Differential evolution, on the other hand, visualizes the entire trip, from point A to point Z, rather than just individual stages. "Our software looks for a global minimum -- the most fuel-efficient route mapped out ahead of time that provides perspective all at once," Kluever says. This approach "allows more missions to be analyzed more rapidly."

The ability to analyze several potential missions ahead of time makes the differential evolution algorithm "a very good feasibility tool," says Dave Brody, media director and science writer for Imaginova, the parent company of Space.com and publisher of Space News. "It seems like a good top-level way to analyze a mission or missions from an initial or proposal stage," Brody says. "In that respect, it represents a new paradigm for space travel: up front, rather than stage-by-stage mission optimization."

BOLDY GOING: The MU research team found planning for journeys to destinations such as Mars or Jupiter would likely benefit from differential evolution algorithms employing 'parameter vectors.'

Image courtesy of Courtesy NASA/JPL-Caltech/T. Pyle

Designed as "open source" -- for use and modification by just about everyone -- differential evolution space flight software will, of necessity, be easy to use. Such an advantage is a plus for the private and commercial space flights Brody says will soon be commonplace.

"NASA's current software is user generated. As a result, it's arcane and complex," he explains. "To expect it to transfer to another information technology culture may not be realistic. The differential evolution algorithm may be a much better way for planners to talk to one another across organizations and across the globe."

Potential investors will likely also appreciate the evolution solution. "As a private investor, if I can get an overview of an entire trip rather than a series of snapshots, that's much better," Brody says.

To test their algorithm, Kluever and Olds programmed it to map what they call "challenging interplanetary optimization" problems: the 1997 Cassini Mission to Saturn, the 1989 Galileo mission to Jupiter, a mission to the comet Tempel 1, and a round trip to Mars.

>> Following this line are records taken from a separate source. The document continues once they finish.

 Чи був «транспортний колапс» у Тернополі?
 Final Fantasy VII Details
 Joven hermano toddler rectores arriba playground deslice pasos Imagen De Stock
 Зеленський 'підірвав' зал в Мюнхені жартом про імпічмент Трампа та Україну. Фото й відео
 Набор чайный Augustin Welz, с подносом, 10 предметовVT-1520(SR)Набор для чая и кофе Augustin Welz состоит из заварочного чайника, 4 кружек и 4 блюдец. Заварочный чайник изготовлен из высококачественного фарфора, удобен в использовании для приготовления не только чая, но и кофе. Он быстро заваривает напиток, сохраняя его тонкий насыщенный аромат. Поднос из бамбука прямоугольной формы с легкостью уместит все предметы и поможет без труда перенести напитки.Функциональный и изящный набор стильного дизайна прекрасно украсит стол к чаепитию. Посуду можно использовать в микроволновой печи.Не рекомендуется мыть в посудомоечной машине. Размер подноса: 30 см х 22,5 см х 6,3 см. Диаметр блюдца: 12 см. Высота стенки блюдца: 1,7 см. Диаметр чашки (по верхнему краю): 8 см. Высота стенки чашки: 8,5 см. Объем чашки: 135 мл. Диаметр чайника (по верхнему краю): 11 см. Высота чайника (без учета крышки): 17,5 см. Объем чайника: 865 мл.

One of the most complicated space explorations in history, Cassini's seven-year journey began from Earth, included two gravity assists from Venus, an Earth gravity assist and, finally, a boost from Jupiter's gravity before its arrival at Saturn. The differential evolution algorithm globally optimized the Cassini mission in 1.2 minutes, Kluever reported. It optimized the Galileo mission in 51 seconds, with even faster times for the Mars and comet missions.

"For the Cassini and Galileo cases, Kluever says, "the optimal route determined by the DE algorithm essentially matched the actual space missions."

A Mars mission is a relatively simple trip, Kluever says. He envisions differential evolution tackling more ambitious missions to asteroids, a Jovian moon, or beyond. Long-distance missions to smaller targets require lots of "travel tricks," Kluever says. Feats of interplanetary prestidigitation might include coasting for more than a year with lots of trajectory-correction maneuvers, then using Venus, Earth and Jupiter for multiple gravity assists.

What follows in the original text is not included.